Convention center in Bangkok, Thailand

Queen Sirikit National Convention Center (QSNCC) (Thai: ศูนย์การประชุมแห่งชาติสิริกิติ์), also known as Queen Sirikit Convention Center or simply Queen Sirikit Center, is a convention center and exhibition hall in Bangkok, Thailand. The center is regarded as a public asset according to the Thai Ministry of Finance's Treasury Department. However, it has been managed by N.C.C. Management & Development Co., Ltd., a private firm, since its opening in 1991. The QSNCC was built to host events, especially conferences and exhibitions and has hosted numerous international events. The QSNCC is also home to the Plenary Hall, a theatre style hall, which has a capacity of 6,000 persons. It is served by Queen Sirikit National Convention Centre MRT station on the MRT Blue Line, which traverse underneath Ratchadaphisek Road, the road where the convention center is located on.

==History==
In September 1987, Suthee Singhasaneh, the Minister of Finance, and Kamchorn Sathirakul, the Bank of Thailand Governor jointly signed a deal between the Royal Thai Government and the World Bank/International Monetary Fund (IMF) to host the 46th Annual Meeting of the Boards of Governors of the World Bank Group and IMF in Bangkok between 1 October to 15 October 1991. As a result, the QSNCC was constructed as a sign of Thailand's commitment to host this event. As for the architectural design, a leading Thai architectural firm was assigned to design a structure that reflected Thai culture and heritage for the QSNCC.

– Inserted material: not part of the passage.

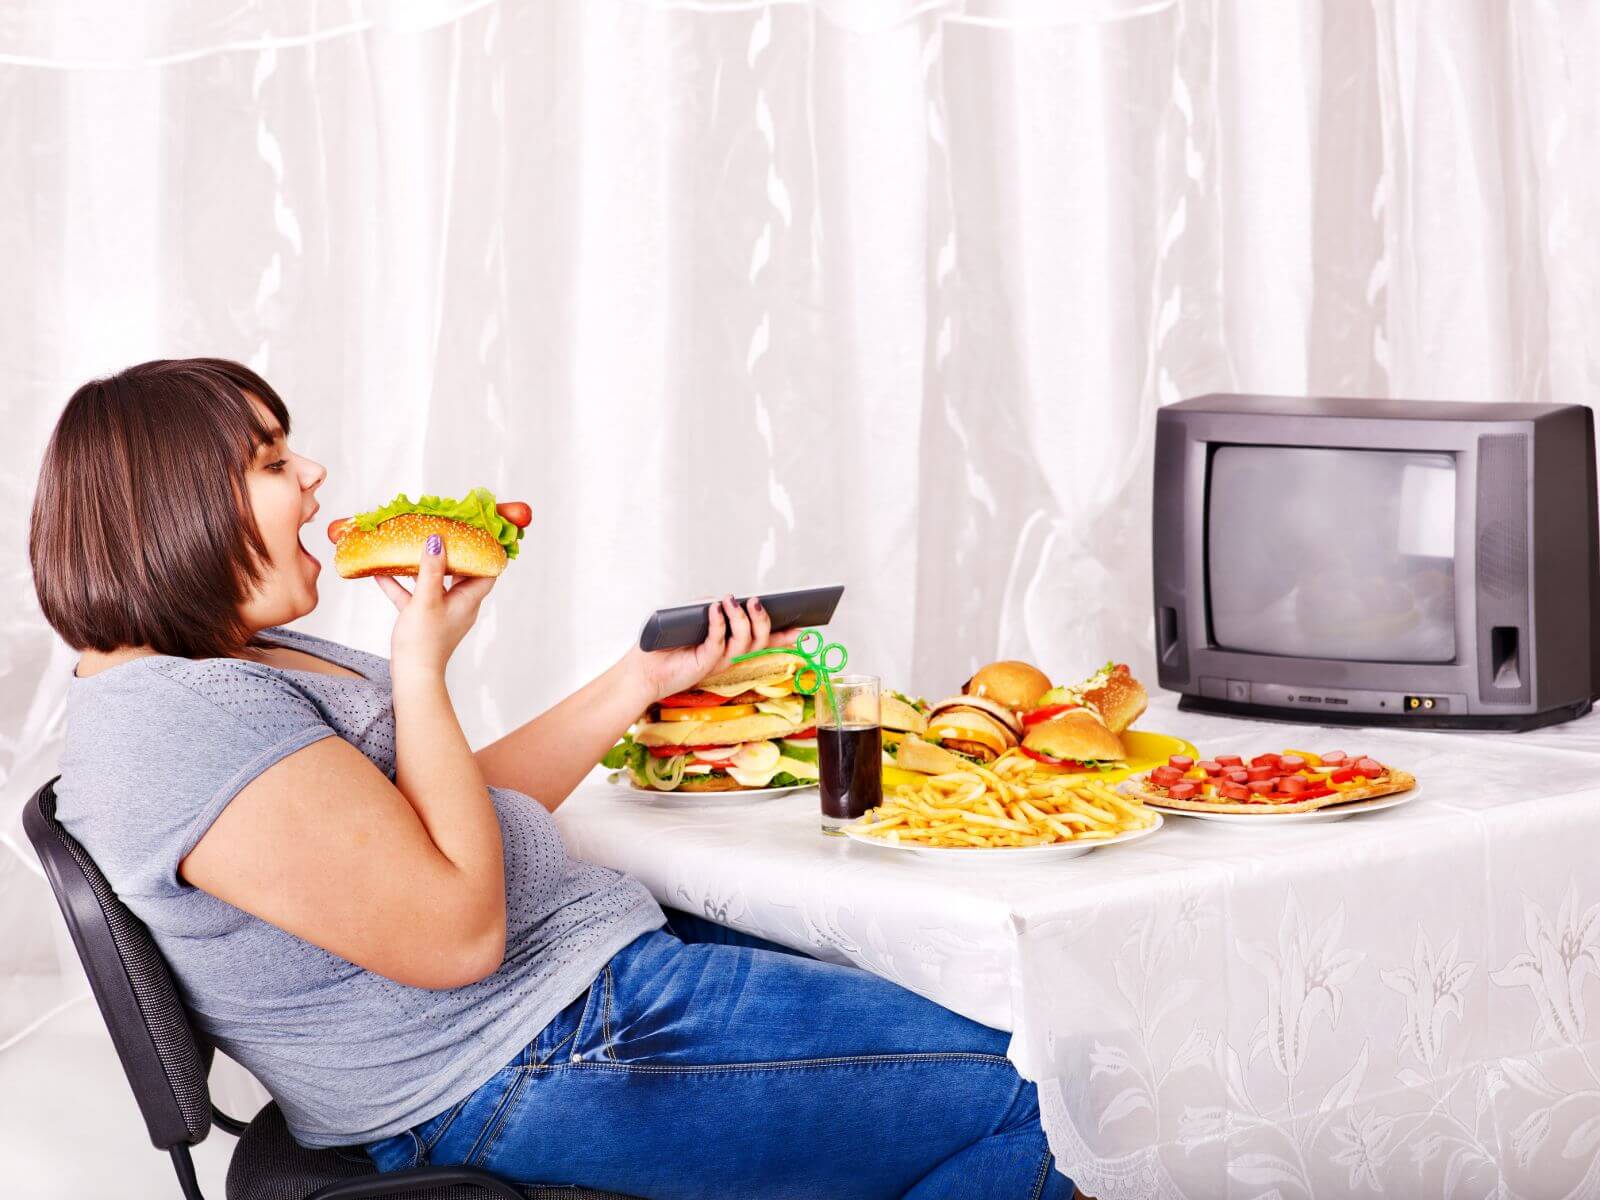 Постоянно смотрит телевизор. Женщина перед телевизором. Еда перед телевизором. Нда перед телевизором. Человек ест перед телевизором.
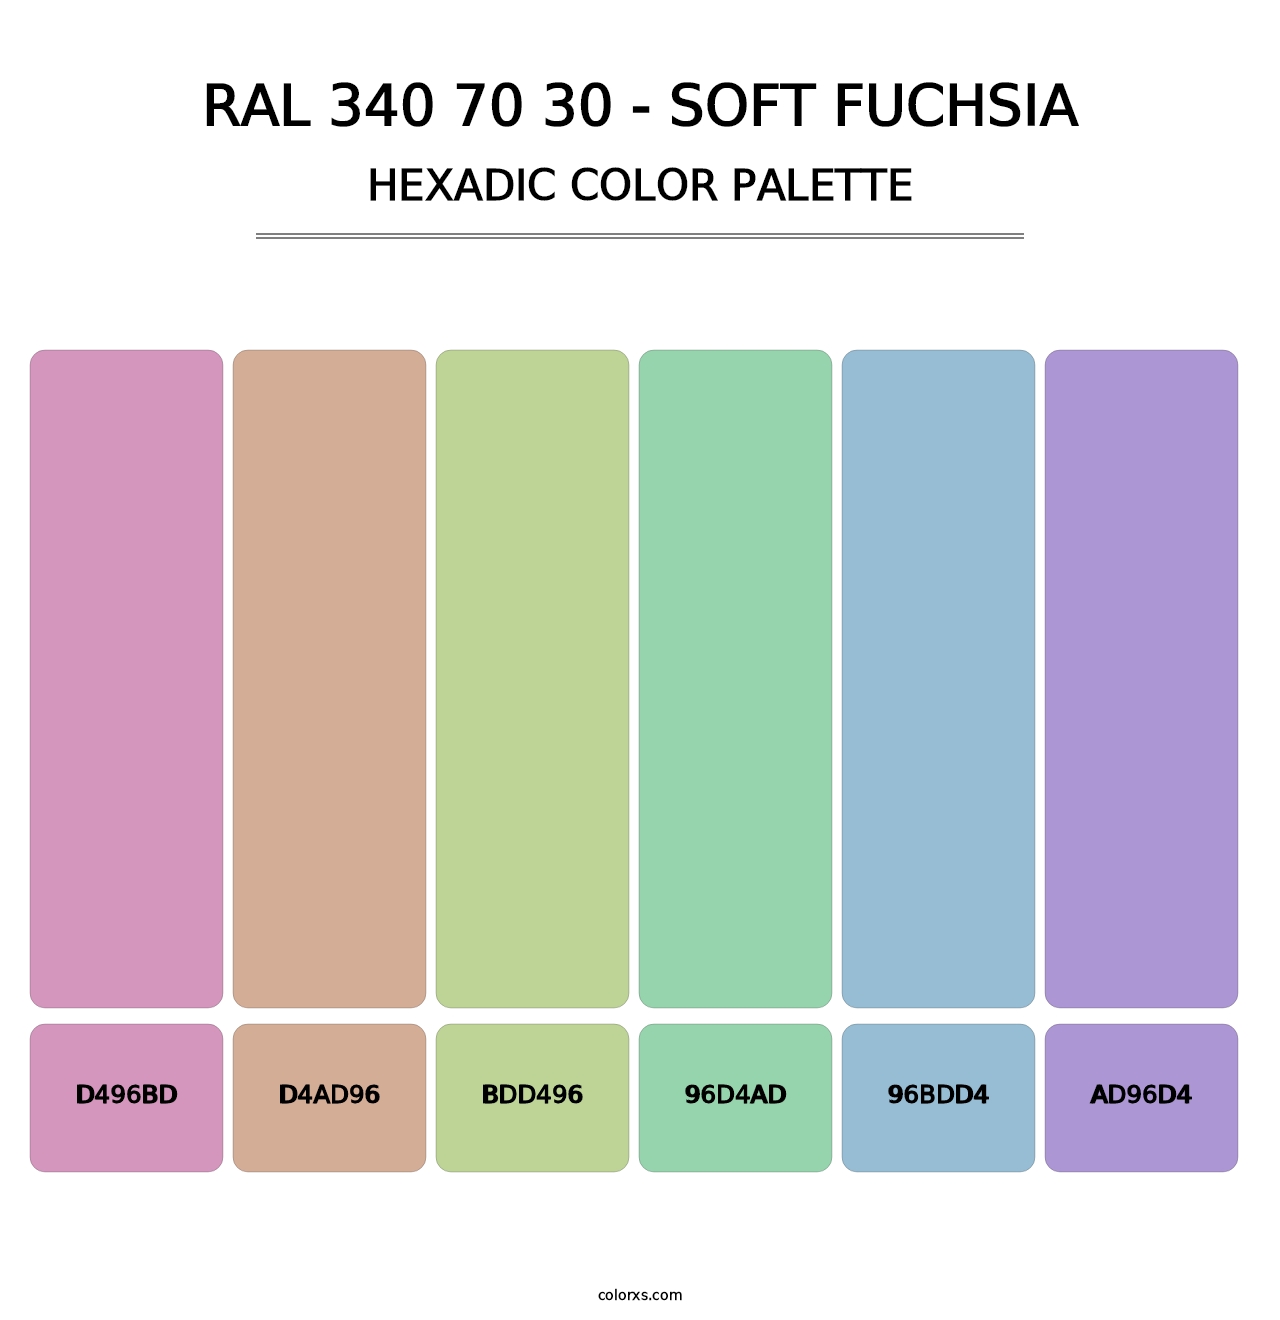 RAL 340 70 30 - Soft Fuchsia - Hexadic Color Palette

To ensure that the center would be completed on time, a design-build delivery system was used and the construction started in 1 November 1989. Construction began with 100 designers and more than 1000 construction workers. The bulk of construction was finished by 30 June 1991, under budget and about two months before the scheduled date of 29 August 1991. It was finished in only 16 months. Projects of this magnitude normally take 40 months.

On 29 August 1991, King Bhumibol Adulyadej and Queen Sirikit officially opened the Queen Sirikit National Convention Center. The center was named after Queen Sirikit in honour of her 60th birthday.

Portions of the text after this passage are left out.